I want to add special characters, like german umlauts: äöü or french 
characters: e.g. é in my XML-File.
I can add the characters to an xml-file, but when i try to read thegenerated 
file with the SAXParser, an error will occure (Invalid byte 2of 3-byte UTF-8 
sequence) - see at the end of this message.
The XML-File looks fine in my editor (UltraEdit), but my System.out-Trace show 
this: äöü for äöü.
With ISO-8859-1 everything works fine.
Where is my mistake?

I searched the dom4j faq, cookbook and internet for this problem, but the only 
thing i found was this:
http://sourceforge.net/mailarchive/message.php?msg_id=10356047
It didn't help...

Thanks for any advice!

Udo Krass

My code:
-------<snip>-------
import java.io.File;
import java.io.FileWriter;
import java.io.IOException;

import org.dom4j.Document;
import org.dom4j.DocumentException;
import org.dom4j.DocumentHelper;
import org.dom4j.Element;
import org.dom4j.io.OutputFormat;
import org.dom4j.io.SAXReader;
import org.dom4j.io.XMLWriter;
import org.xml.sax.SAXException;

public class Test {

    public static void main(String[] args) {
        File theFile = new File("C:/t.xml");

        File testOutputFile = new File("C:/t.xml");
        /*try {
            parse(theFile);
        } catch (DocumentException e) {
            // TODO Auto-generated catch block
            e.printStackTrace();
        } */
       
        Document document;
        document = DocumentHelper.createDocument();
        Element root = document.addElement( "go" );
        document.getRootElement().add(DocumentHelper.createText("äöü"));
        
        try {
            writeToFile(document,testOutputFile,true);
        } catch (IOException e) {
            e.printStackTrace();
        }

    }
        public static Document parse(File theFile) throws DocumentException {
            SAXReader reader = new SAXReader();
            Document document = null;
            document = reader.read(theFile);
            return document;
        }
    public static void writeToFile(Document theDocument, File theOutputFile, 
Boolean trace) throws IOException
    {
        //lets write to a file
        OutputFormat format = OutputFormat.createCompactFormat();
        format.setEncoding("UTF-8");
        format.setNewlines(true);
        format.setIndentSize(2);
        format.setTrimText(false);
   
        XMLWriter xmlWriter = new XMLWriter(new FileWriter(theOutputFile), 
format);
                    xmlWriter.write(theDocument);
                   xmlWriter.flush();
                   
                   xmlWriter.close();

        if (trace) {
            // print the document to System.out
            xmlWriter = new XMLWriter(System.out, format);
            format.setEncoding("UTF-8");
            xmlWriter.write(theDocument);
            xmlWriter.flush();
            xmlWriter.close();
        }
    }
}
-------<snap>-------

the generated xml-File:
-------<snip>-------
<?xml version="1.0" encoding="UTF-8"?>

<go>äöü</go>
-------<snap>-------

this is the System.out. output, when i uncomment the parse section and read the 
file with the SAXParser:
-------<snip>-------
org.dom4j.DocumentException: Error on line 3 of documentfile:///C:/t.xml : 
Invalid byte 2 of 3-byte UTF-8 sequence.
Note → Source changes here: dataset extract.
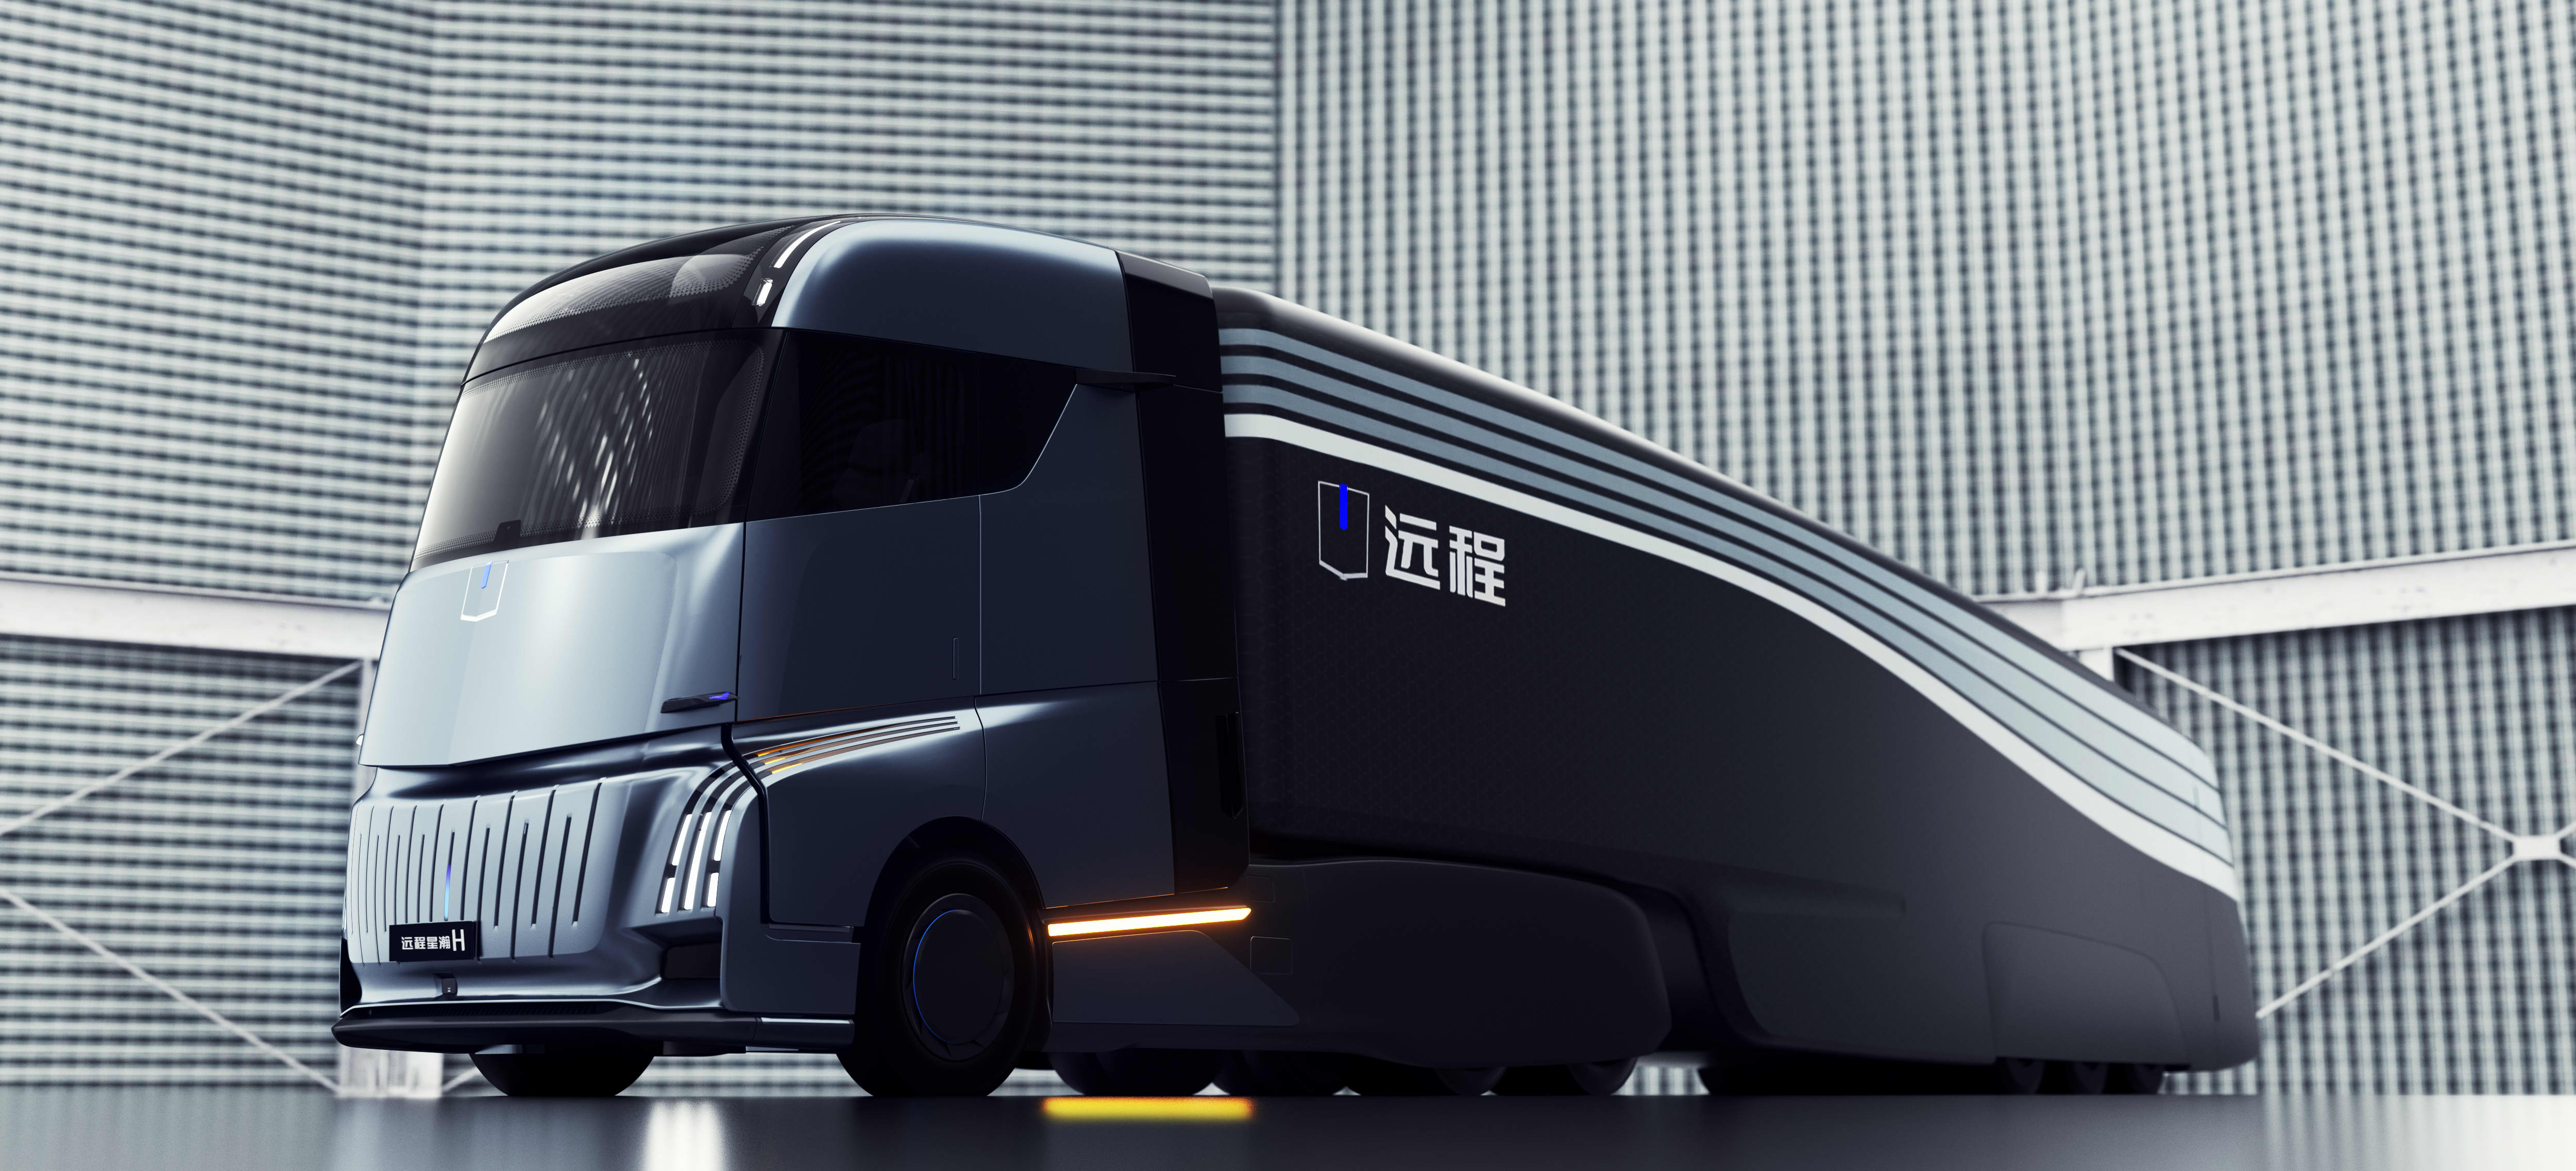 China’s Geely launches electric truck, its rival to Tesla’s Semi

Nestedexception: Invalid byte 2 of 
3-byte UTF-8 sequence.
    at org.dom4j.io.SAXReader.read(SAXReader.java:350)
    at org.dom4j.io.SAXReader.read(SAXReader.java:222)
    at Test.parse(Test.java:51)
    at Test.main(Test.java:25)
Nested exception:
org.xml.sax.SAXParseException: Invalid byte 2 of 3-byte UTF-8 sequence.
    
atcom.sun.org.apache.xerces.internal.util.ErrorHandlerWrapper.createSAXParseException(ErrorHandlerWrapper.java:236)
    at 
com.sun.org.apache.xerces.internal.util.ErrorHandlerWrapper.fatalError(ErrorHandlerWrapper.java:215)
    at 
com.sun.org.apache.xerces.internal.impl.XMLErrorReporter.reportError(XMLErrorReporter.java:386)
    at 
com.sun.org.apache.xerces.internal.impl.XMLErrorReporter.reportError(XMLErrorReporter.java:316)
    
atcom.sun.org.apache.xerces.internal.impl.XMLDocumentFragmentScannerImpl$FragmentContentDispatcher.dispatch(XMLDocumentFragmentScannerImpl.java:1810)
    
atcom.sun.org.apache.xerces.internal.impl.XMLDocumentFragmentScannerImpl.scanDocument(XMLDocumentFragmentScannerImpl.java:368)
    at 
com.sun.org.apache.xerces.internal.parsers.XML11Configuration.parse(XML11Configuration.java:834)
    at 
com.sun.org.apache.xerces.internal.parsers.XML11Configuration.parse(XML11Configuration.java:764)
    at 
com.sun.org.apache.xerces.internal.parsers.XMLParser.parse(XMLParser.java:148)
    at 
com.sun.org.apache.xerces.internal.parsers.AbstractSAXParser.parse(AbstractSAXParser.java:1242)
    at org.dom4j.io.SAXReader.read(SAXReader.java:334)
    at org.dom4j.io.SAXReader.read(SAXReader.java:222)
    at Test.parse(Test.java:51)
    at Test.main(Test.java:25)
Nested exception: org.xml.sax.SAXParseException: Invalid byte 2 of 3-byte UTF-8 
sequence.
    
atcom.sun.org.apache.xerces.internal.util.ErrorHandlerWrapper.createSAXParseException(ErrorHandlerWrapper.java:236)
    at 
com.sun.org.apache.xerces.internal.util.ErrorHandlerWrapper.fatalError(ErrorHandlerWrapper.java:215)
    at 
com.sun.org.apache.xerces.internal.impl.XMLErrorReporter.reportError(XMLErrorReporter.java:386)
    at 
com.sun.org.apache.xerces.internal.impl.XMLErrorReporter.reportError(XMLErrorReporter.java:316)
    
atcom.sun.org.apache.xerces.internal.impl.XMLDocumentFragmentScannerImpl$FragmentContentDispatcher.dispatch(XMLDocumentFragmentScannerImpl.java:1810)<?xmlversion="1.0"
 encoding="UTF-8"?>

<go>äöü</go>

    
atcom.sun.org.apache.xerces.internal.impl.XMLDocumentFragmentScannerImpl.scanDocument(XMLDocumentFragmentScannerImpl.java:368)
    at 
com.sun.org.apache.xerces.internal.parsers.XML11Configuration.parse(XML11Configuration.java:834)
    at 
com.sun.org.apache.xerces.internal.parsers.XML11Configuration.parse(XML11Configuration.java:764)
    at 
com.sun.org.apache.xerces.internal.parsers.XMLParser.parse(XMLParser.java:148)
    at 
com.sun.org.apache.xerces.internal.parsers.AbstractSAXParser.parse(AbstractSAXParser.java:1242)
    at org.dom4j.io.SAXReader.read(SAXReader.java:334)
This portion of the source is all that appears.